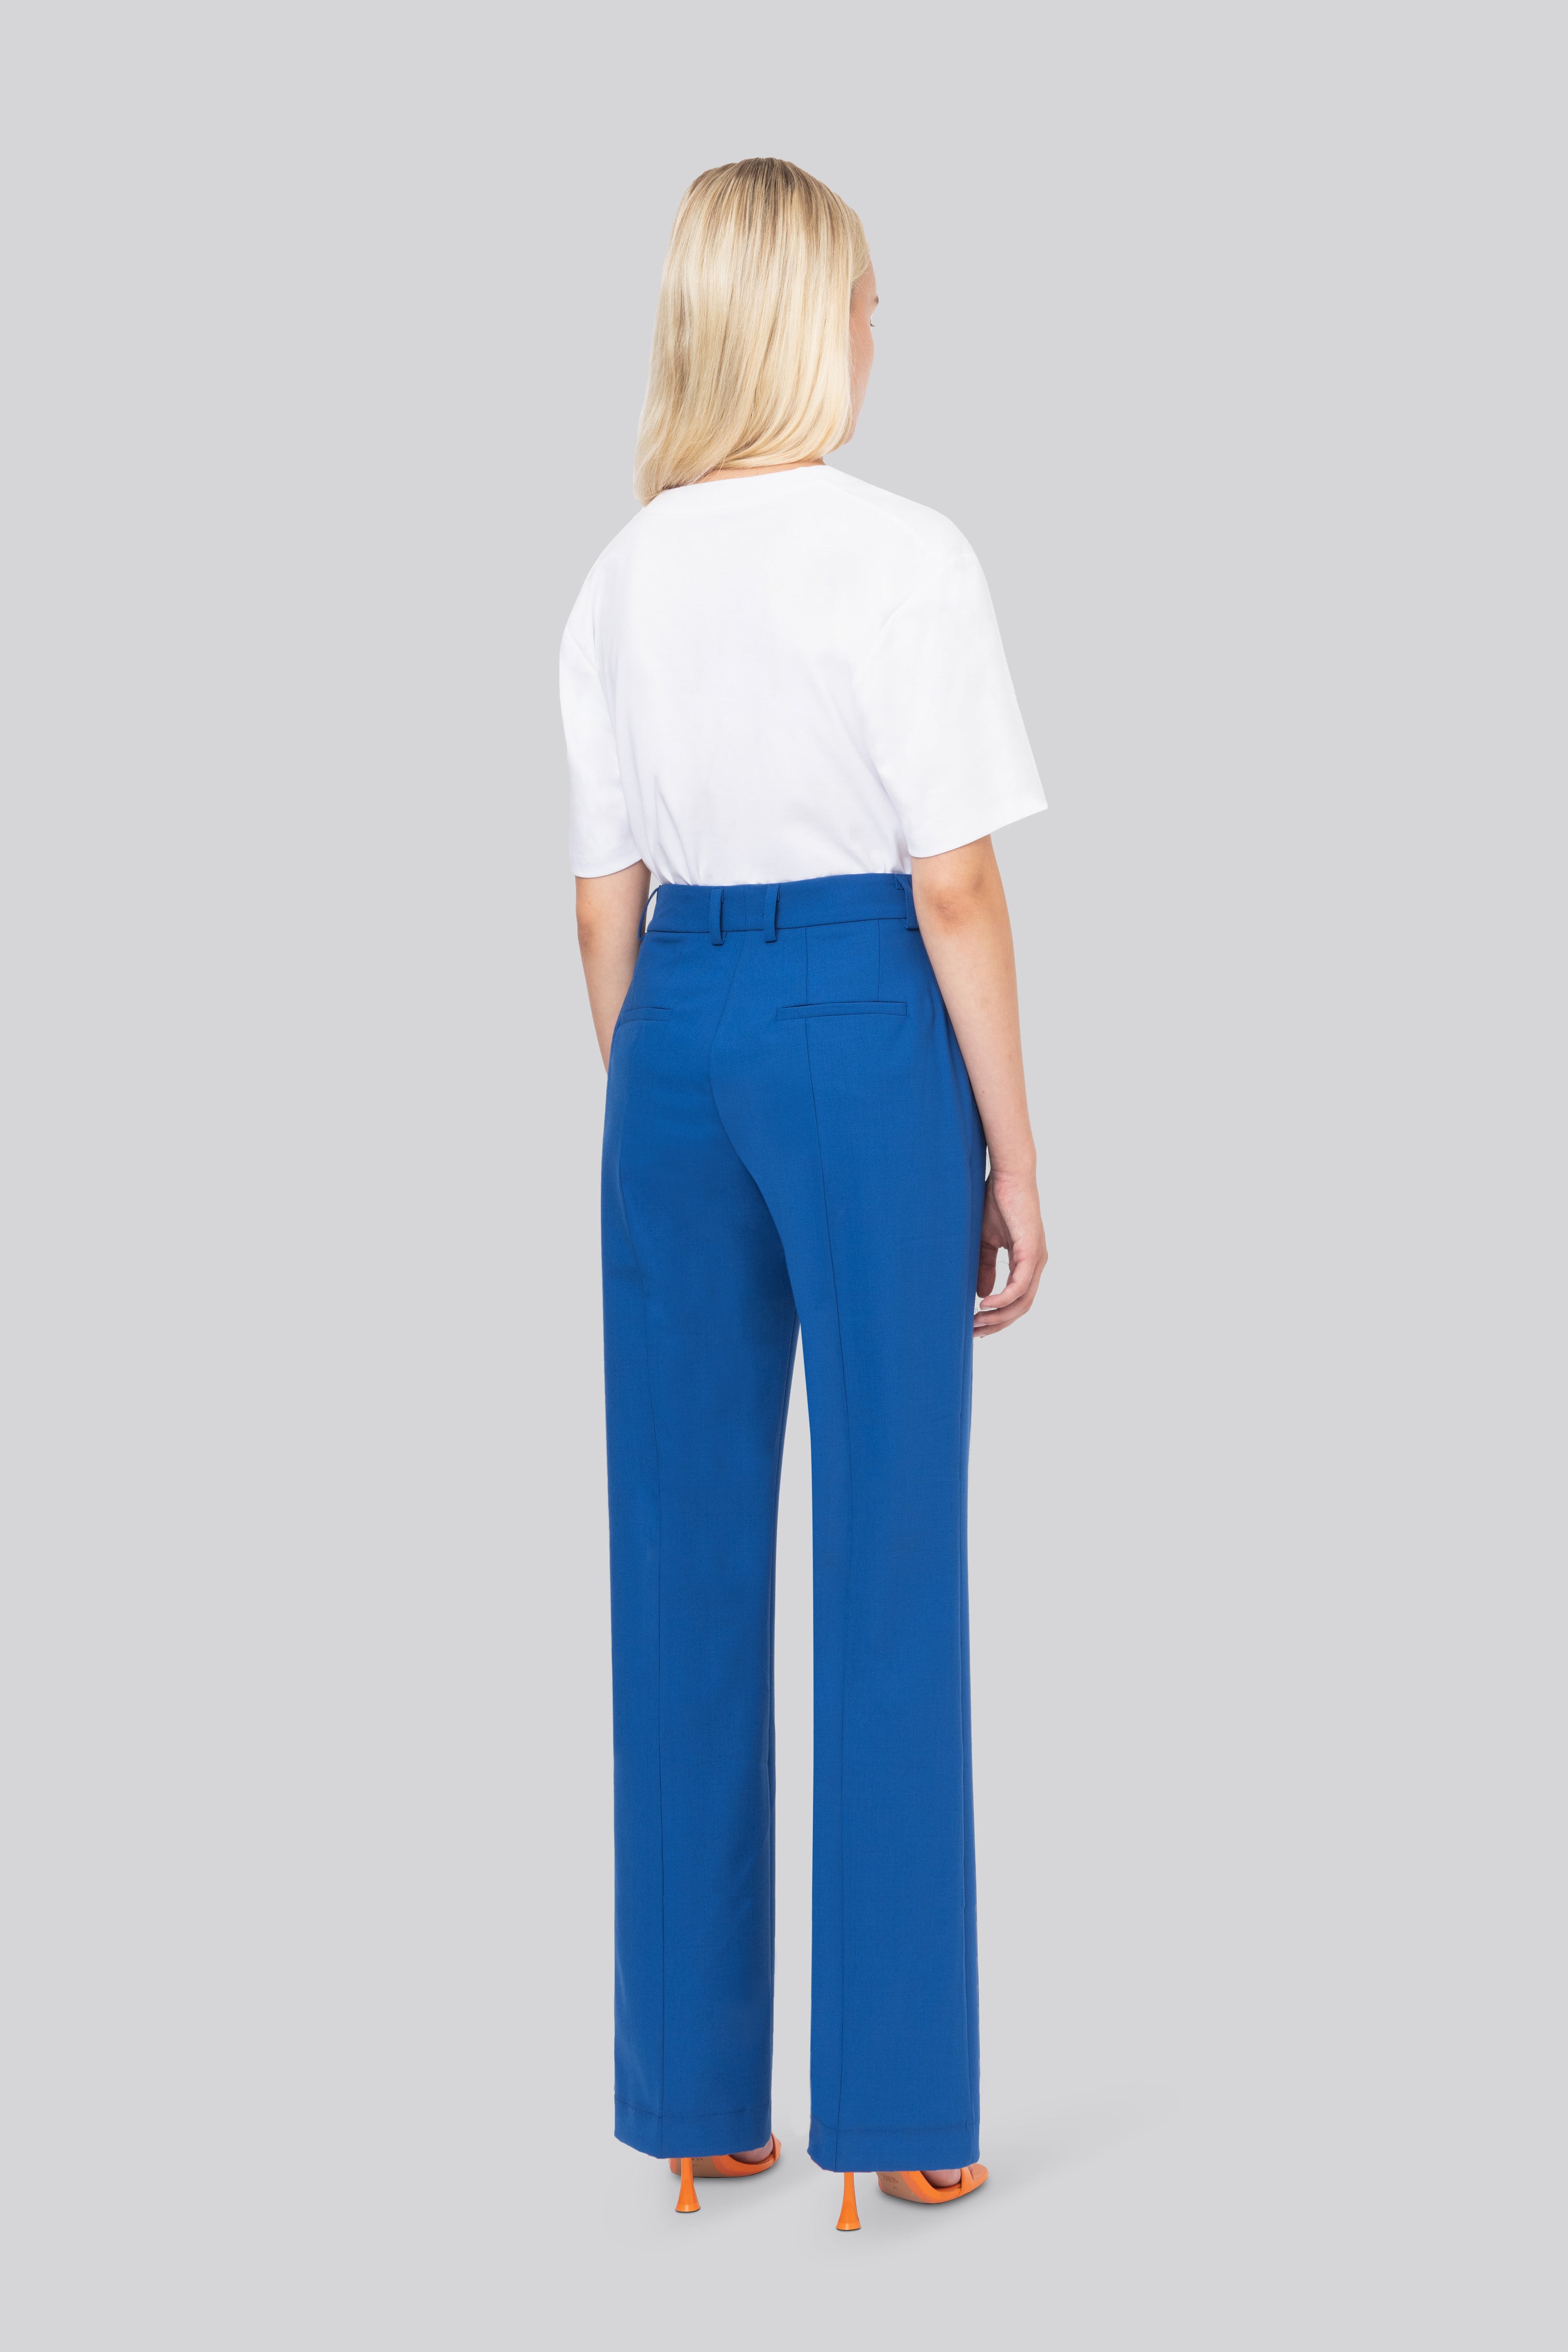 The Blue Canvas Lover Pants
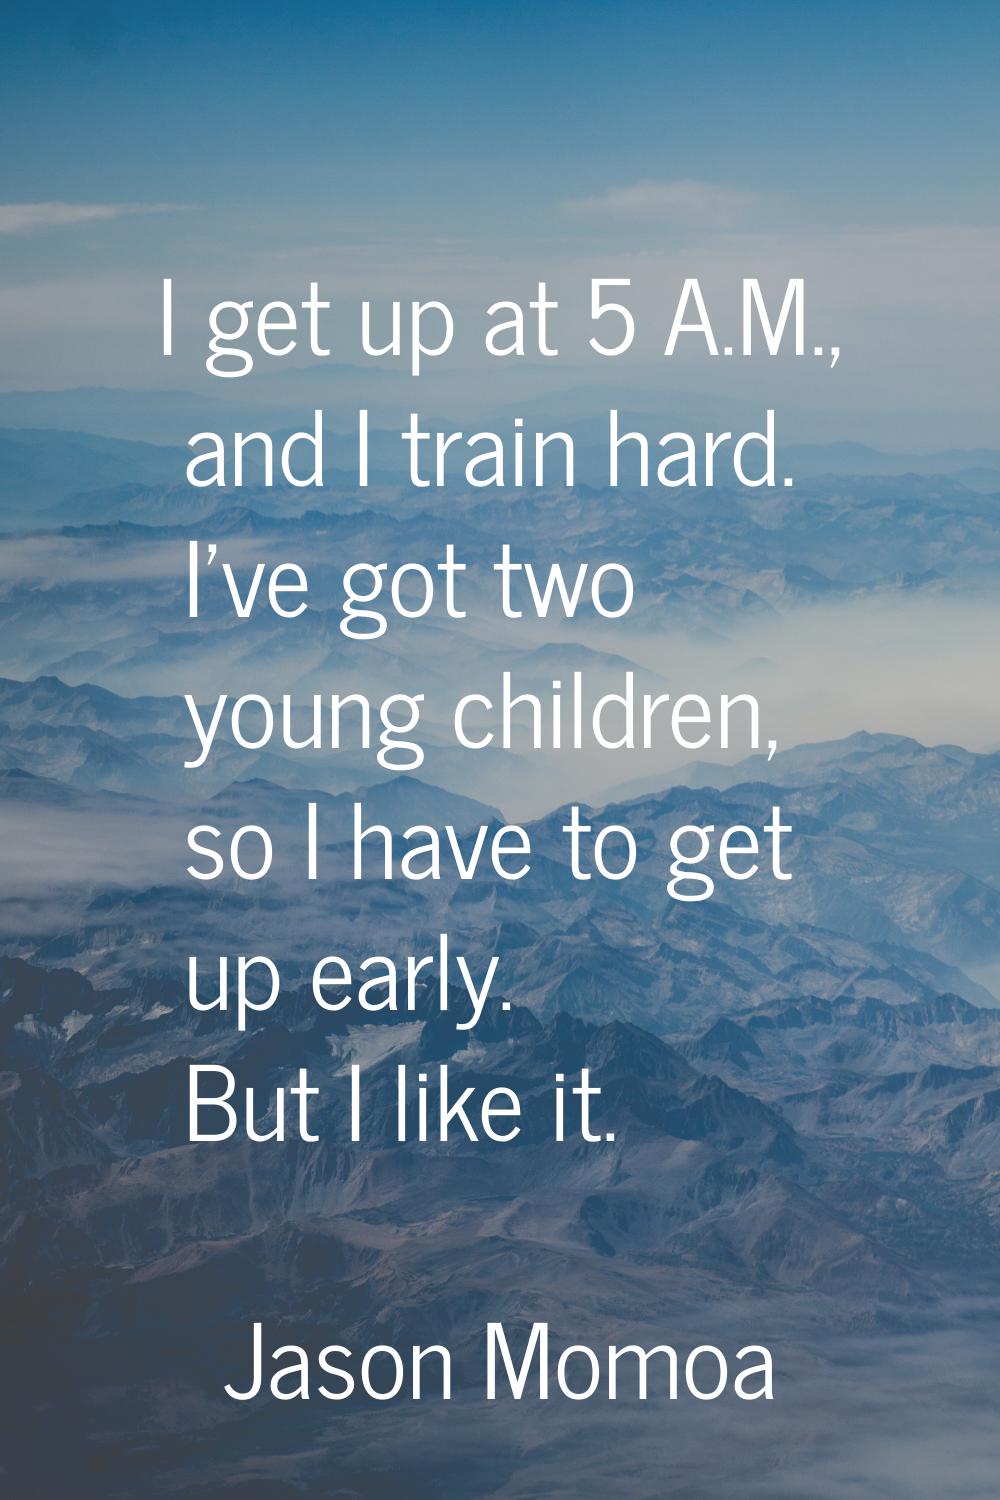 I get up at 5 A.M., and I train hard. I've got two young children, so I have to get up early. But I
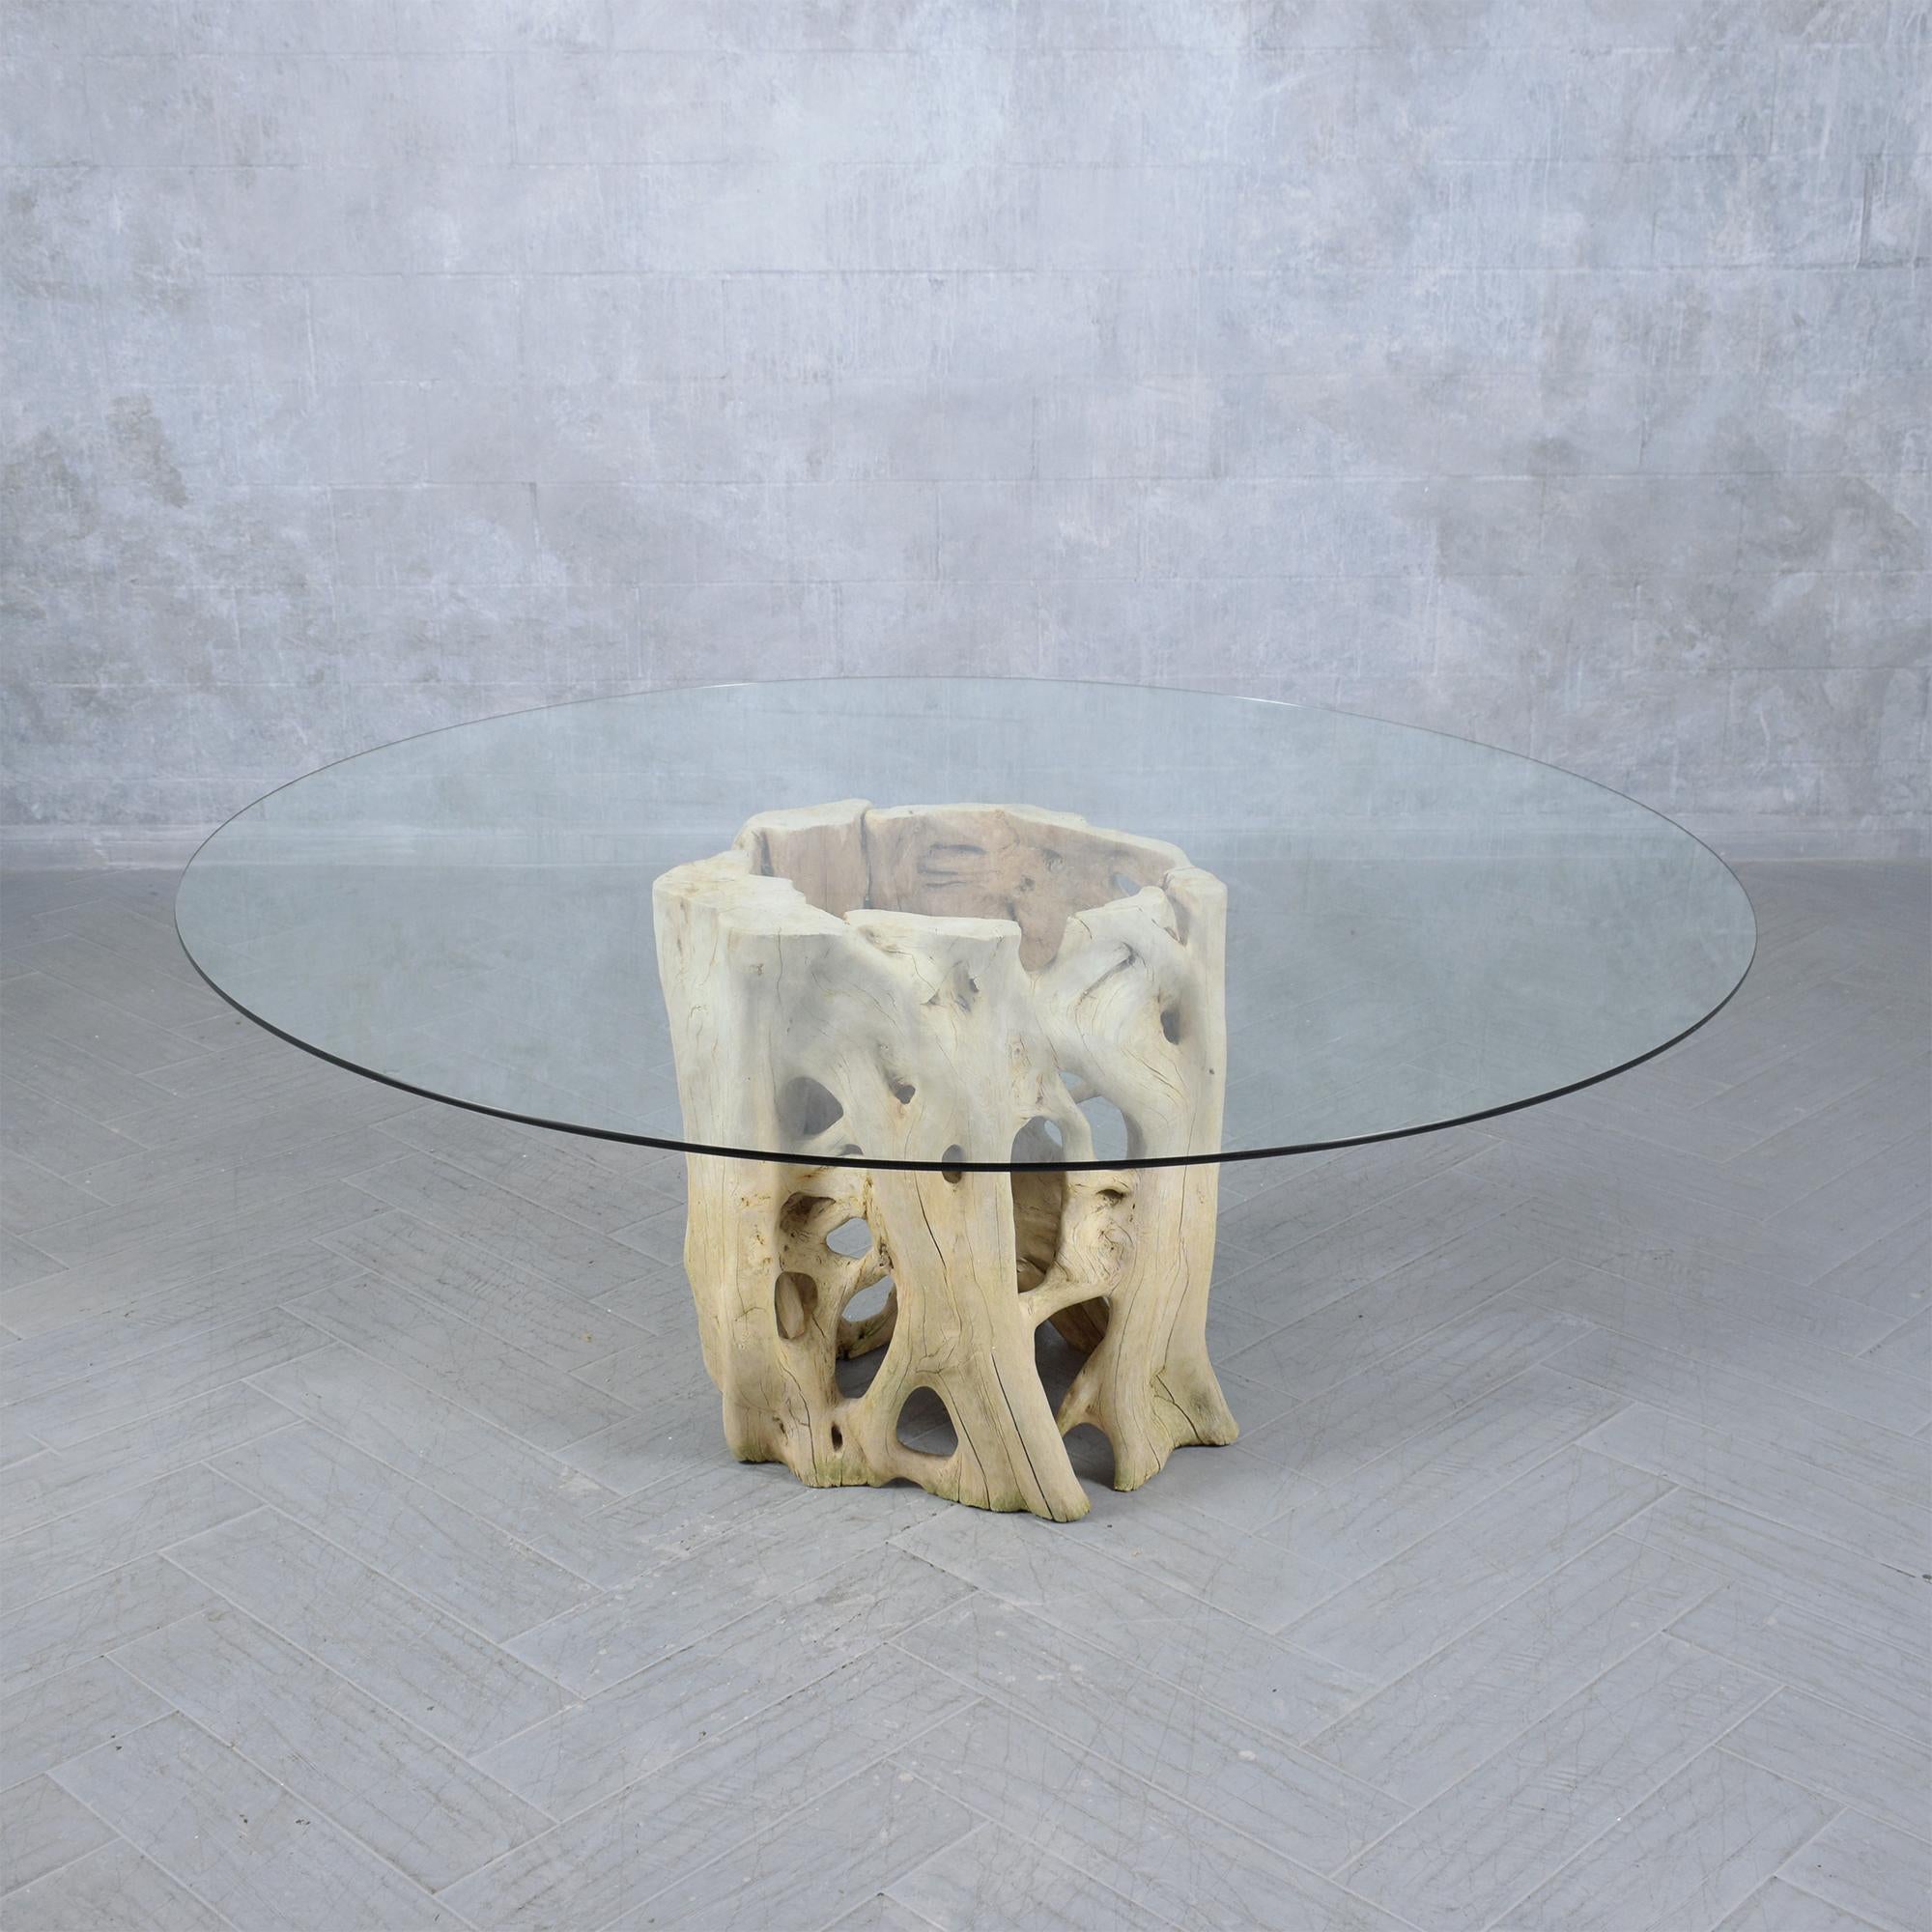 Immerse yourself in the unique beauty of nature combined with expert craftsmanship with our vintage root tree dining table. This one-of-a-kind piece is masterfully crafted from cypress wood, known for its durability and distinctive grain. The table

----

__What is needed__.
Output all of the data word for word, excluding any pictures.

__Response to the exercise__.
 The Blue Canvas Lover Pants
 I get up at 5 A.M., and I train hard. I've got two young children, so I have to get up early. But I
 Immerse yourself in the unique beauty of nature combined with expert craftsmanship with our vintage root tree dining table. This one-of-a-kind piece is masterfully crafted from cypress wood, known for its durability and distinctive grain. The table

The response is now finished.